This is likely a bad thing. How many shards are there on this single node? How big is the heap? Based on the sizes of the indices I'm seeing here, you likely have a very high number of shards on this single node. If you have a heap of 30G, and have more than 600 shards on that single node, you will begin to see memory pressure in your cluster. This will affect everything, from indexing, and even to other cluster update actions, like trying to normalize the cluster state after deleting. This is because each open shard has an overhead cost in heap memory, regardless of how much data it contains.

You would do well to switch from daily indices to rollover indices, and not rollover until each shard in the index is over 10G. With a single node, you also probably shouldn't have more than 2 shards per index.

Sorry, I'm far from an ES expert but certainly appreciate the help.

As far as the heap size, I believe we are using 128 gig. Assuming this is what you mean by heap size, we are starting ES with these options:

/usr/bin/java -Xms128g -Xmx128g

How can I tell how many shards there are?

This setup had been working very well up until this recent issue with curator not freeing up space. This has been in place for about a year.

Oh, my.
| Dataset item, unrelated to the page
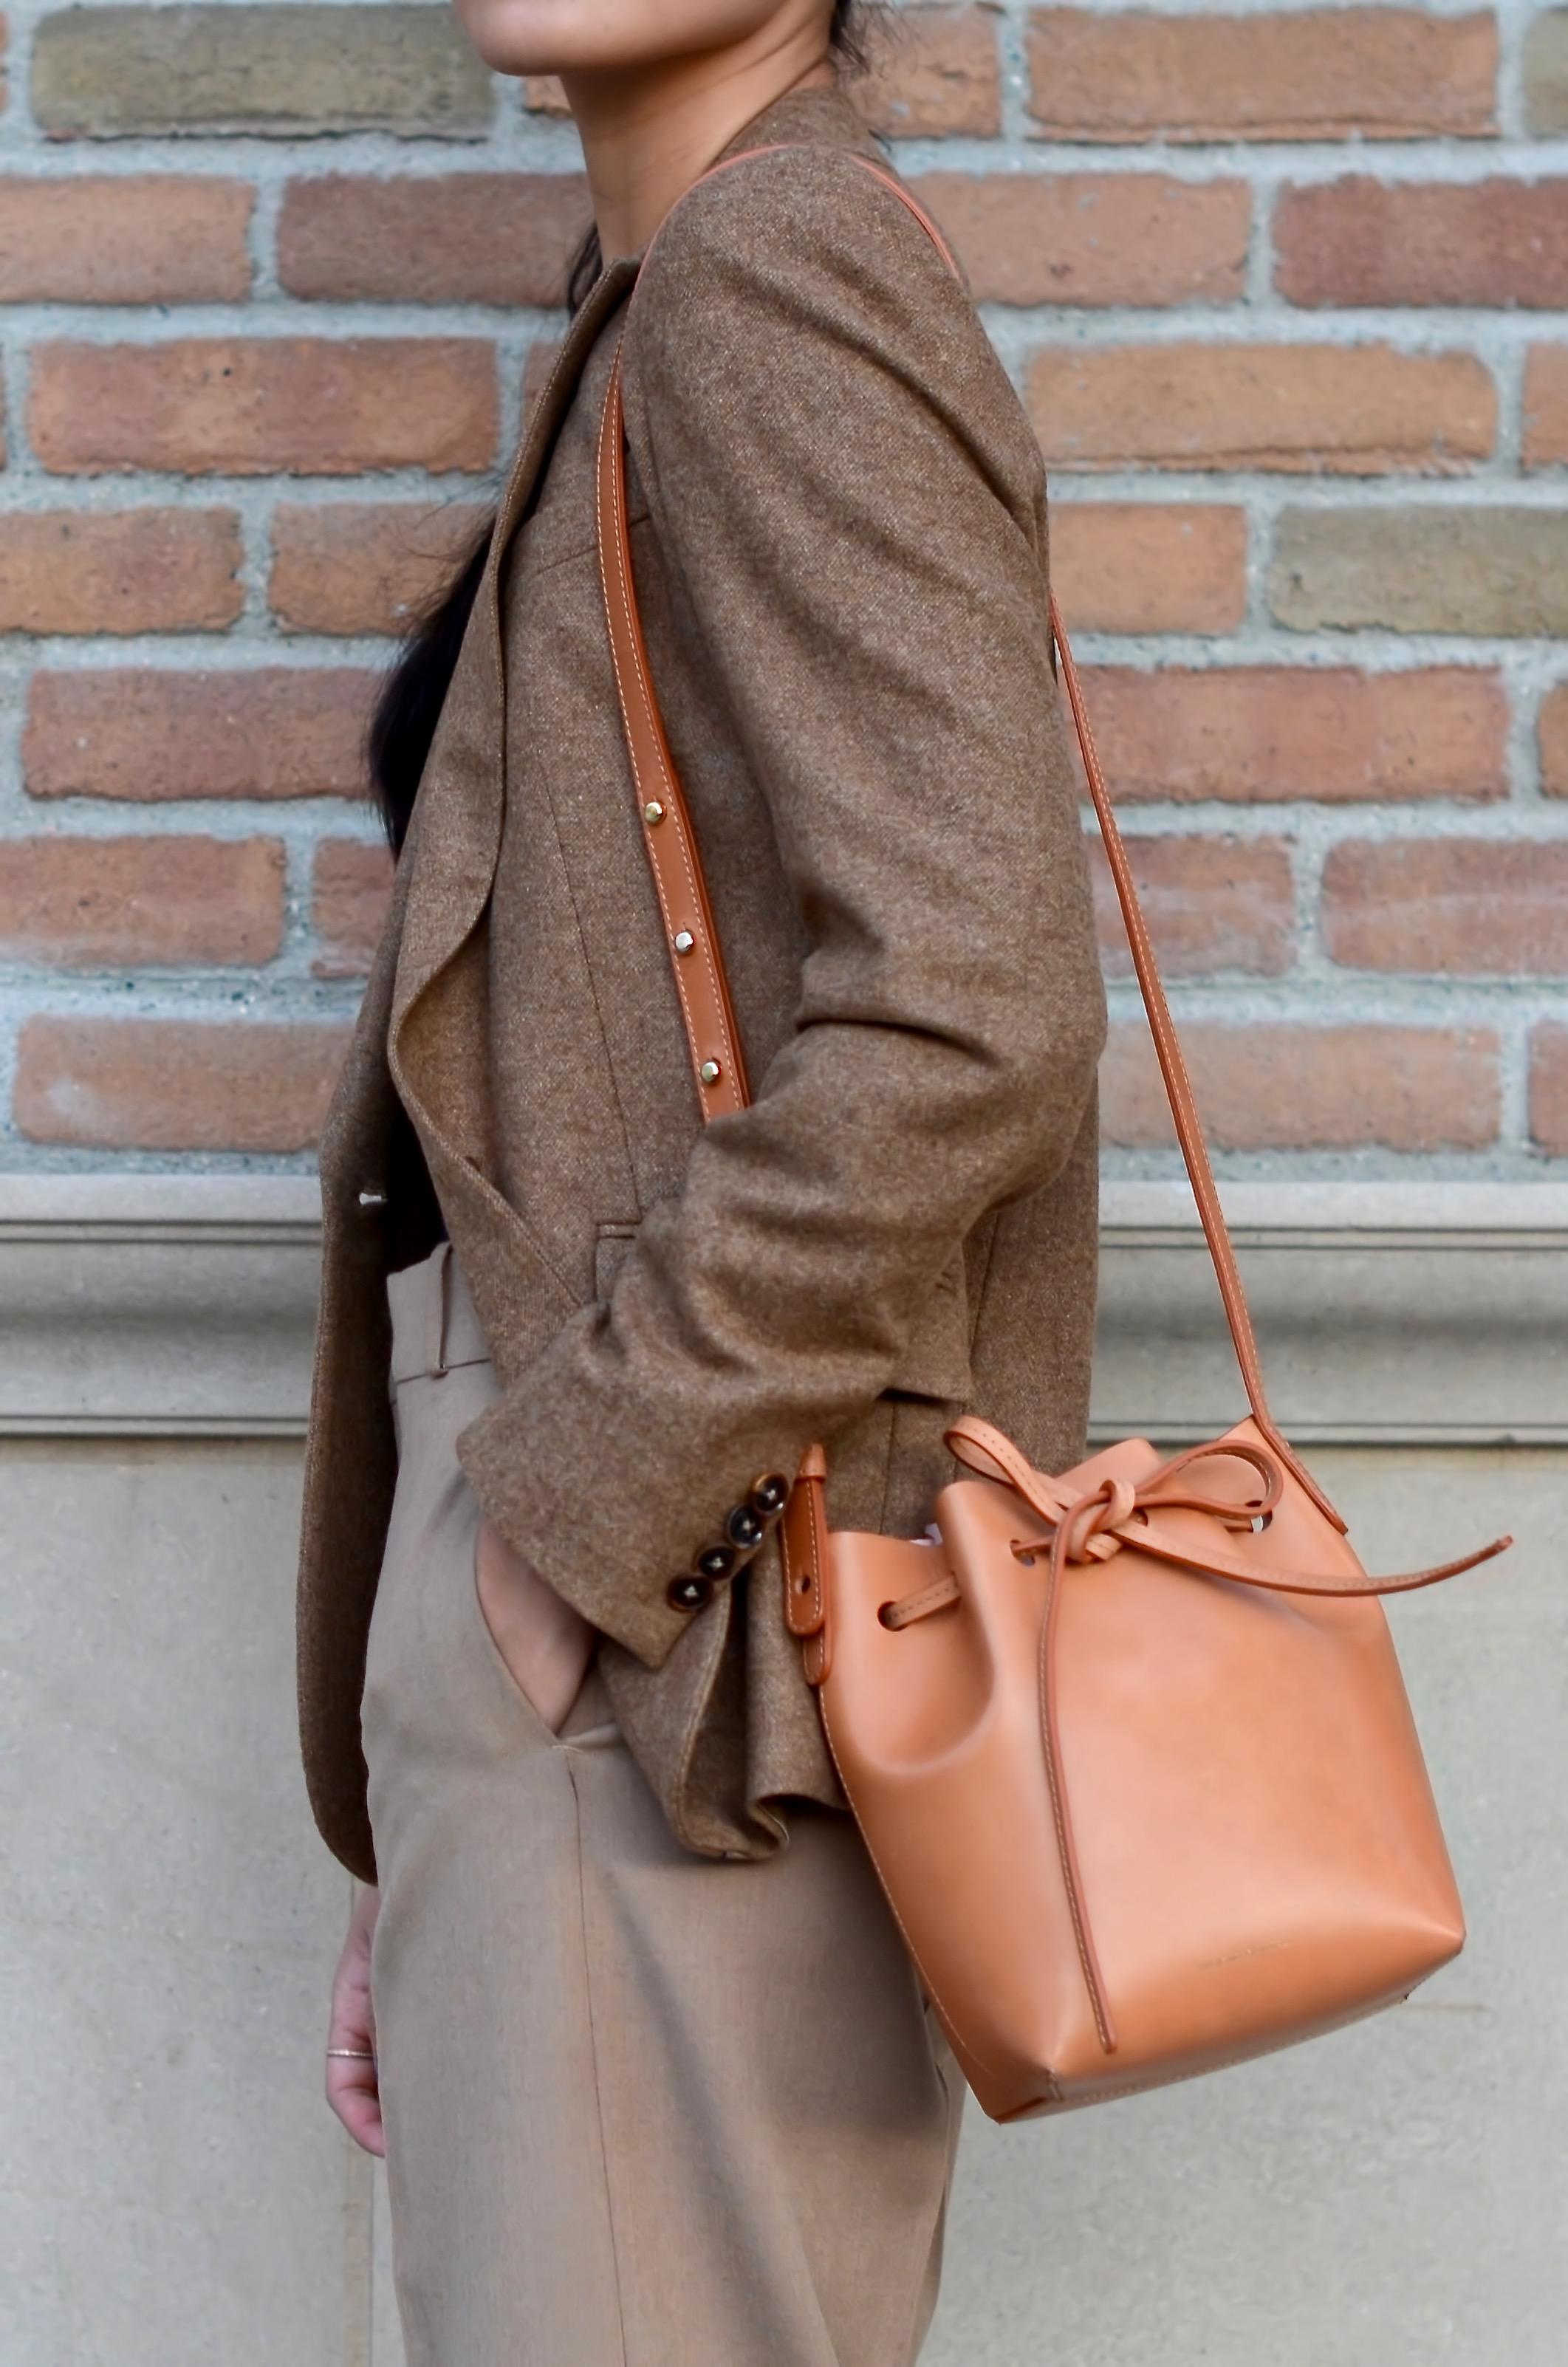 Just Goh With It-Outfit-shopstyle-dressforsuccess-zara-camel-wide-leg-pants-massimo-dutti-blazer-mansur-gavriel-mini-bucket-bag-6.jpg

That's definitely outside our recommended best practices. There are many reasons for this, one of which is extremely long garbage collection pauses, which could cause the cluster to stall. This also could be what you're encountering.

The following command will tell you the total number of primary shards:

curl -s http://127.0.0.1:9200/_cat/indices | awk '{sum += $5} END {print sum}'

Substitute your own IP for 127.0.0.1

root@ps-prod-elk:/var/lib/elasticsearch/nodes/0# curl -s http://127.0.0.1:9200/_cat/indices | awk '{sum += $5} END {print sum}'
436

Thanks. The million dollar question is, "What was that number before you ran Curator?"

What is in the Elasticsearch logs of this single node? There are almost certain to be some errors, if space isn't being freed. Do you have any kind of monitoring in place, so we can see what is happening with the heap, and garbage collection?

Unfortunately without a time machine I don't think I have any way to tell what that number was before curator ran.

As far as errors in the logs, I've been watching them all afternoon while I look into this and I haven't really seen any errors. There are informational messages like so:

[2017-11-20T16:04:09,230][WARN ][o.e.c.r.a.DiskThresholdMonitor] [lGLn5hx] high disk watermark [90%] exceeded on [lGLn5hx4TyKKRTRMqT1VDQ][lGLn5hx][/var/lib/elasticsearch/nodes/0] free: 6.9gb[1.1%], shards will be relocated away from this node
[2017-11-20T16:04:09,230][INFO ][o.e.c.r.a.DiskThresholdMonitor] [lGLn5hx] rerouting shards: [high disk watermark exceeded on one or more nodes]
[2017-11-20T16:04:16,531][INFO ][o.e.m.j.JvmGcMonitorService] [lGLn5hx] [gc][3164] overhead, spent [259ms] collecting in the last [1s]

If I stop logstash from running then the messages about garbage collection subside. I'm guessing this means that without logstash running elasticsearch is able to "catch up" but it still doesn't seem to be freeing up any space. I left it like this for a bit with logstash disabled and nothing seemed to change and nothing different was written to the logs.

At this point, I’d consider stopping Logstash and completely restarting Elasticsearch. Start with a clean JVM.

OK, I've just done that. How long do you think I should leave it running like this, without logstash enabled?

I just roughly totaled up the sizes of our indexes and it does seem to match what is being used on disk. Maybe we've just grown the amount of logs we are ingesting and we can no longer keep as much as we used to be able to. I may have to pay closer attention to this moving forward.

Again, I recommend using rollover indices, rather than dailies. It will help reduce the size of the cluster state by not needing to have so many open shards. With only a single node, there's no reason to have 5 shards per index.

I will definitely look into that. Where might I be able to find more info about making the switch to that?

Also, let's say that you thought maybe something was "artificially" bloating the size of your index by either submitting duplicated log entries or data that doesn't belong in ES. How might you find that when you're dealing with a 20 gig index? I don't have any reason at the moment to think that we have that going on yet but it does make me worried that it could be happening.

Good questions! We'd prefer that new questions like that be asked in new topics, to allow the answers to remain relevant to the original topic.

OK, I'll start some new threads then. Thanks for your help!

This topic was automatically closed 28 days after the last reply. New replies are no longer allowed.